Hexagon Blue PD


Our Hypothesis: Growing Blood Vessels and Nerves in the Brain Can Reverse Parkinson’s Disease

Parkinson’s disease is a neurological disease which results in the decline of the dopamine-producing neurons in the brain. When dopamine declines, a person will experience the symptoms of Parkinson’s disease. Recent research has shown that Parkinson’s patients have less blood flow to the part of the brain that has the dopamine-producing neurons. Animal tests have shown a reversal of Parkinson's symptoms with the introduction of the growth factor FGF-1. We know that FGF-1 has been shown to grow blood vessels and nerves, a process known as angiogenesis. We believe that if we can grow blood vessels and nerves in the brain where the dopamine-producing neurons reside, we should be able to reverse Parkinson’s disease.

> More about Angiogenesis

Below is a graph comparing the normal decline in dopamine producing neurons as one ages compared to the decline in Parkinson’s patients.

As discovered by functional MRI, Parkinson’s patients have less blood flow to the part of the brain containing dopamine producing neurons, which is shown in this graph.

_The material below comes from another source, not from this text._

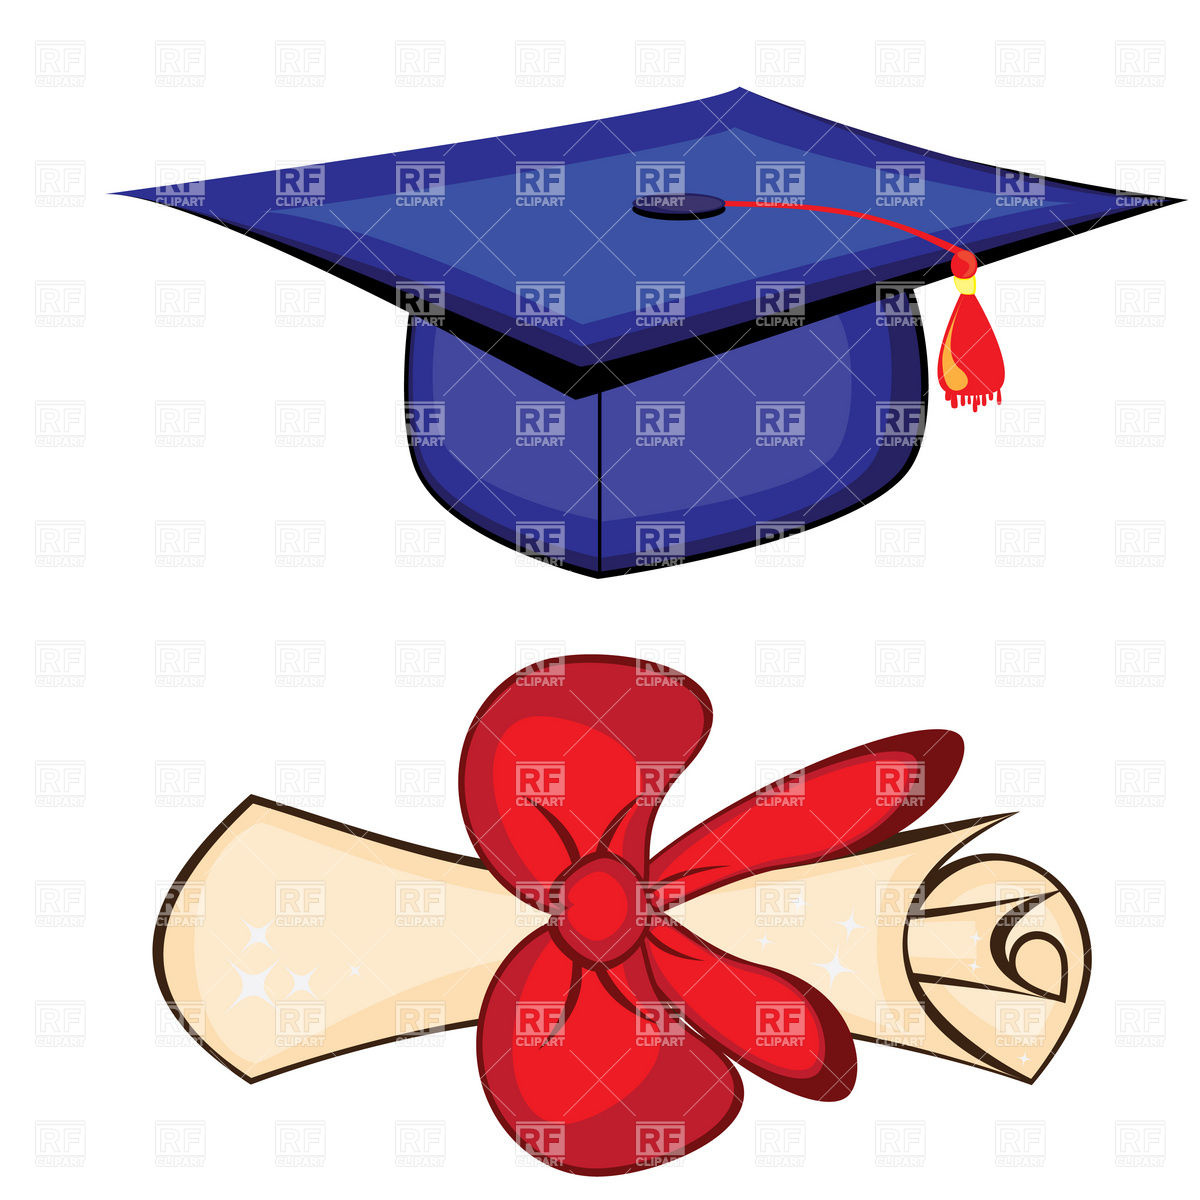 1200x1200 Diploma And Graduation Cap Royalty Free Vector Clip Art Image
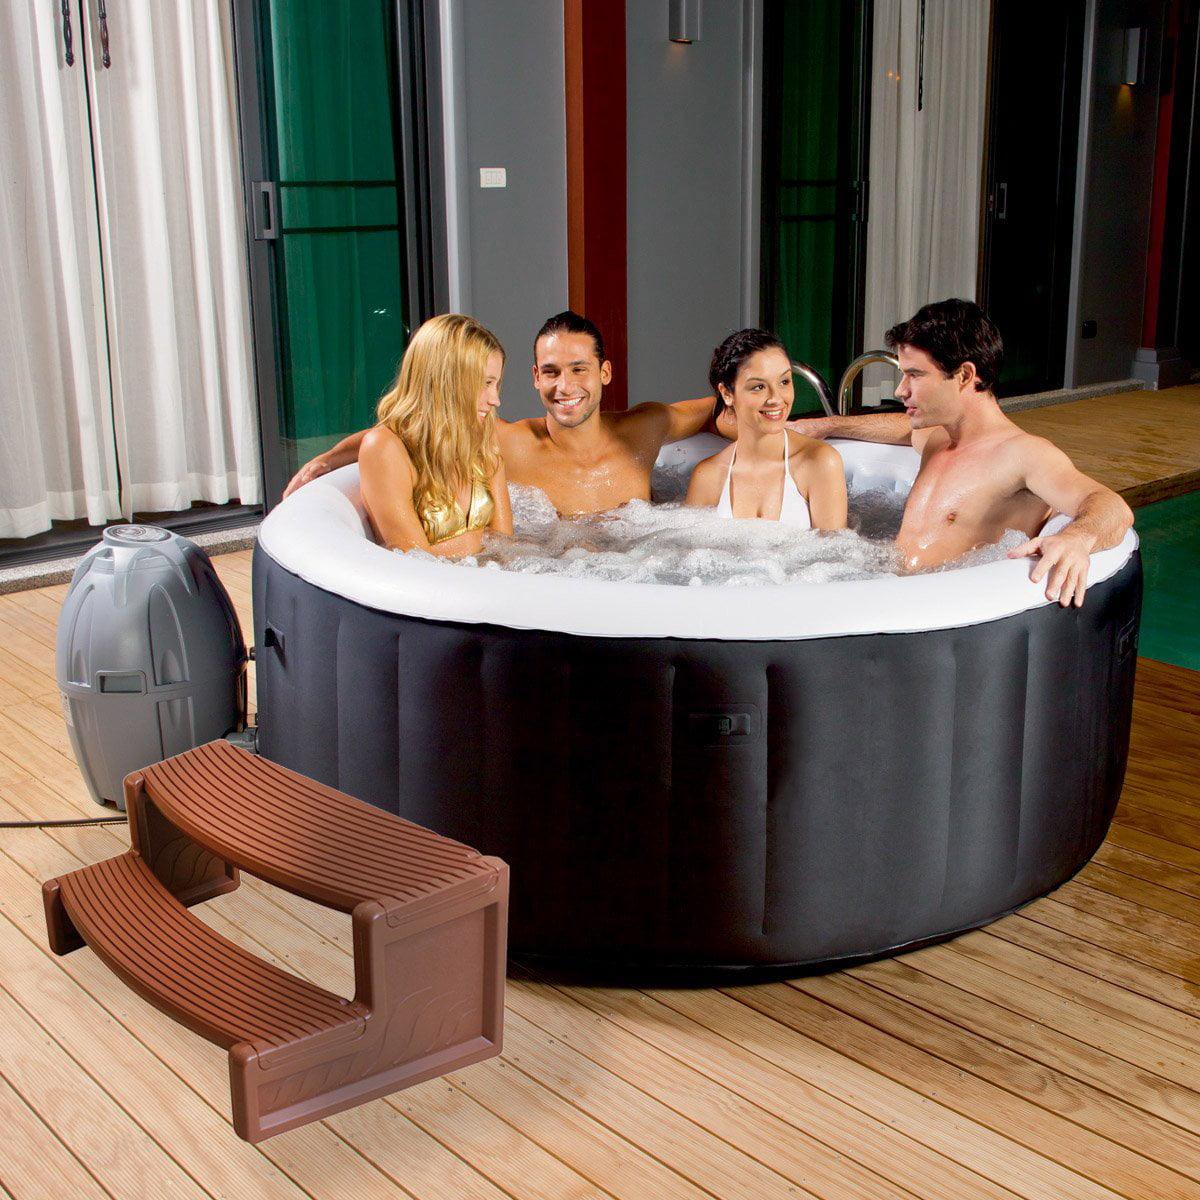 Confer Plastics HS2 Resin Multi Purpose Spa Hot Tub Handi-Step Steps, Mahogany

The dopamine-producing neurons reside in the brain’s substantia nigra. As shown in the chart above, imaging studies have demonstrated that a  healthy 65 year-old will have 75% of the blood flow to the substantia nigra when compared to a healthy 21 year-old. Parkinson’s patients have only 50% of the blood flow to the substantia nigra. As shown in the depiction of the substantia nigra, the substantia nigra will lose its brown color as the neurons die. Every neuron needs a blood vessel to bring it nourishment and to take out waste products. If there are fewer blood vessels in the subtantia nigra, the neurons will begin to die and a type of plaque composed of  aggregated α-synuclein protein particles will begin to accumulate. These plaques are also toxic to the dopamine neurons and contribute to the pathology of the disease.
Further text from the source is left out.